Тили прошла мимо летнего очага к зимнему, с благодарностью взглянула на полный ларь лепёшек, обернулась проверить заслонки печи и ахнула, увидев подругу, спящую на узкой скамье у печи.
19. Верделл
Аяна проснулась от возгласа Тили и почувствовала, что тело будет по меньшей мере до завтра припоминать ей каждую дощечку этой несчастной скамьи, на которой её угораздило заснуть. Она сморщилась, потирая шею руками, потом встала и попробовала хоть немного размять затёкшие конечности. Тили пыталась ей помочь, тиская руки и ноги, и в конце концов Аяна смогла разогнуться и даже потянуться.
– Ты давно тут спишь? – спросила Тили. – Как ты умудрилась тут заснуть? Айи, тебе нужно срочно в купальню, как следует размять тело в тёплой воде.
Аяна вспомнила купальню. По её телу пробежали мурашки.
– Айи, что с тобой? Ты чего молчишь? Просыпайся, я вернулась! Ты не видела, Ретос или Сола приходили?
– Я не видела. Я заснула сразу после того, как вынула лепёшки из печи.
– Ничего себе. Кстати, спасибо тебе большое за помощь. Возьми с собой несколько.
– Не надо, я завтра испеку у нас. Подожди, это что же, уже вечер? – изумилась Аяна, выглянув в окно. – Сколько же я спала?
– Не знаю, но совет ты точно проспала. Я проходила мимо общего двора, и там было очень много народа.
– Ну вот, а я хотела пойти и послушать. Тили, я пойду домой, пусть хоть мама мне расскажет.
Аяна расстроенно сгорбилась и сунула руки в карманы. Её пальцы нашарили на дне кармана что-то небольшое и жесткое, она вытащила предмет наружу и с удивлением осмотрела. Это был небольшой круглый камешек. Какое-то мгновение она пыталась понять, как этот камешек мог оказаться в её кармане, но вдруг внезапное воспоминание поразило её, как удар молнии. Она вздрогнула и резко бросила его на пол.
– Айи, что с тобой? – Тили удивлённо наблюдала за подругой, которая вдруг на миг замерла, а потом с отвращением передёрнулась и швырнула на землю какой-то маленький предмет. – Что это?
– Это напоминание о том, что я делала мерзкие вещи, – сказала Аяна, в очередной раз задаваясь вопросом, почему там, у купальни, она не ушла сразу, а продолжала смотреть. – О том, как низко я могу пасть. Тили, ты просто не представляешь, с кем ты дружишь. Я лучше пойду. Прости меня.
Она вышла из комнаты, и Тили, проводив её изумлённым взглядом, нагнулась над полом. Мама будет ругаться, если наступит на мусор у очага. Она любит, когда пол чисто выметен.

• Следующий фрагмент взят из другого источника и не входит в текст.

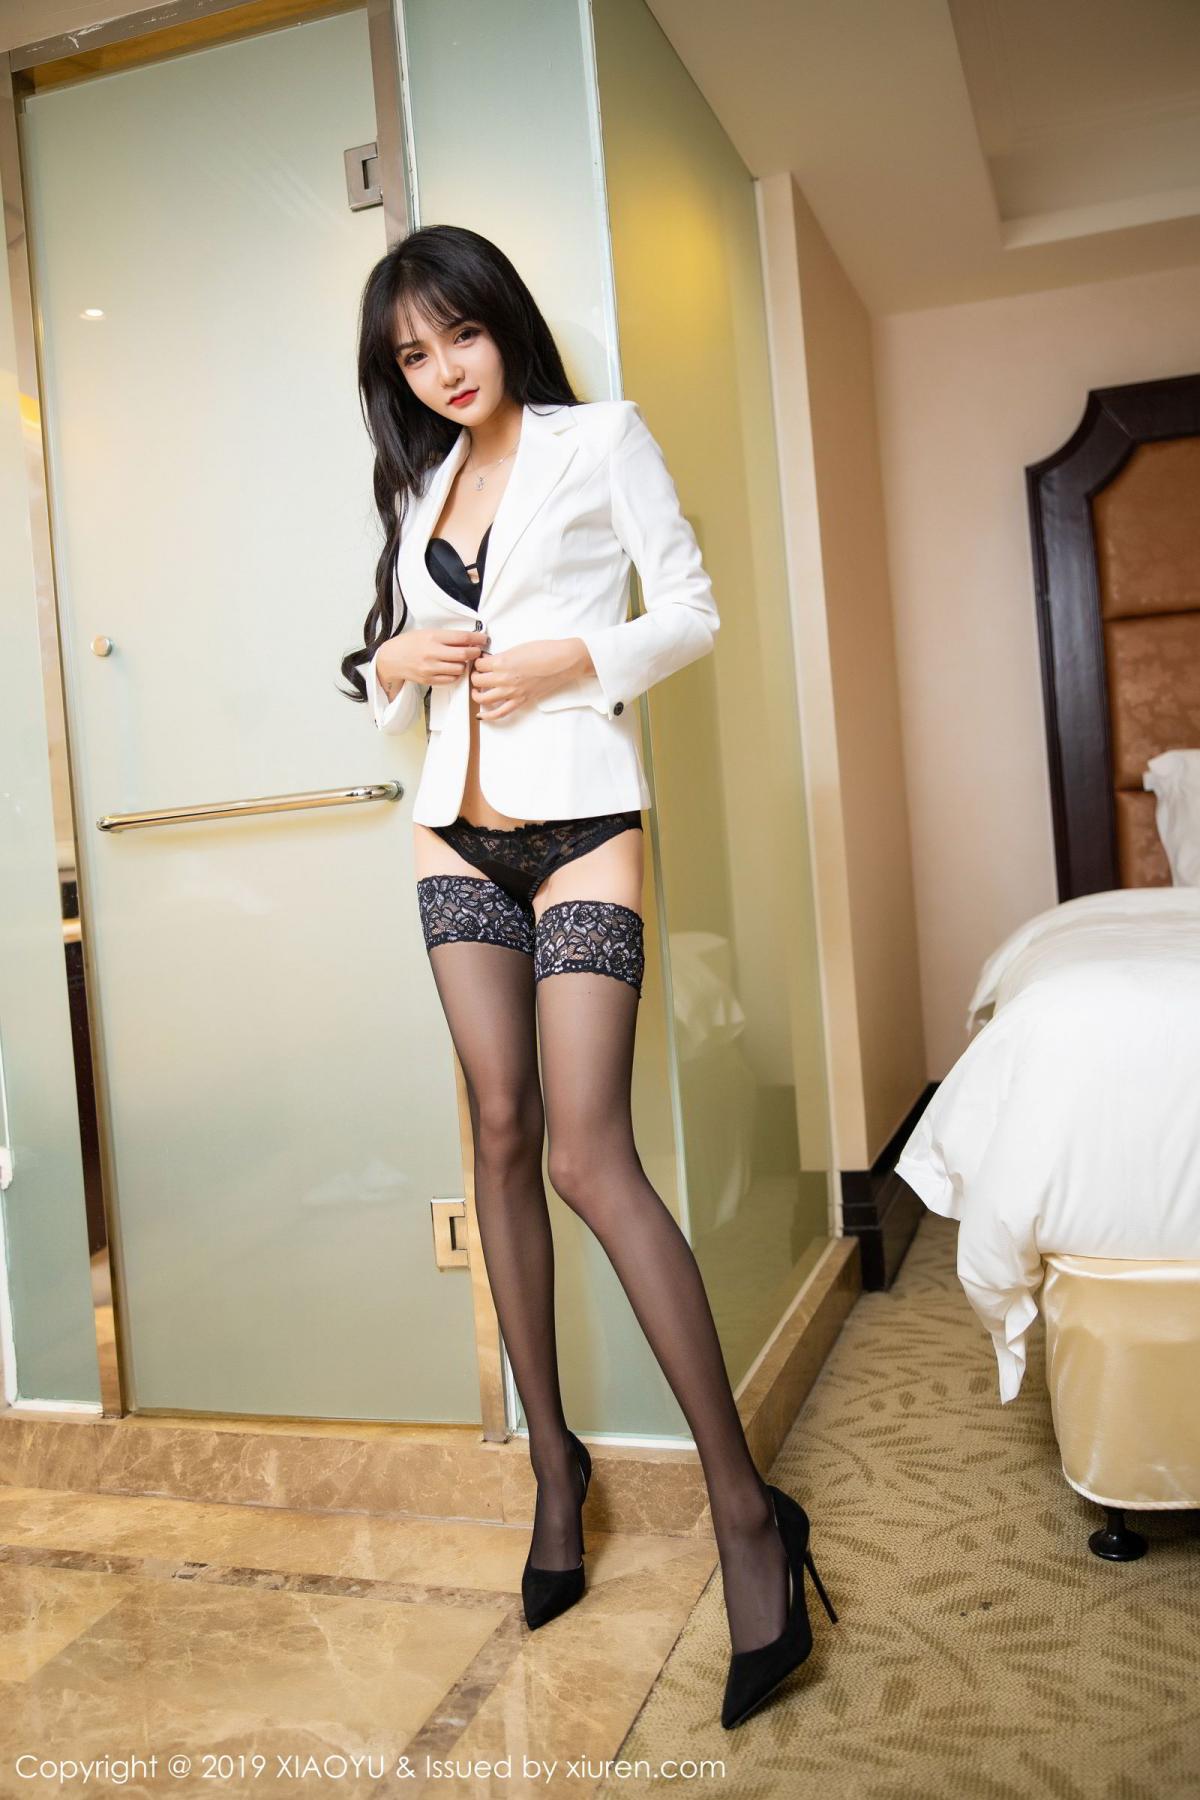 [XiaoYu] Vol.200 Miko Jiang 17P, Miko Jiang, Slim, Tall, Underwear, XiaoYu

Наконец она нашла и подняла то, что бросила Аяна, и, увидев всего лишь маленький камешек, пнула его ногой на улицу, взяла лепёшку и направилась к маме, жуя на ходу.
Аяна шла домой нога за ногу. Она понимала, что, проспав так долго днём, вряд ли быстро заснёт ночью. А ещё мама говорила, что после совета они должны были пойти на общий двор работать, и ей было стыдно за то, что она вместо работы дремала у печи на скамейке. При мысли об этой скамейке спина заныла, и Аяна чуть не заплакала. Всё вокруг шло как-то не так, криво, косо, неправильно.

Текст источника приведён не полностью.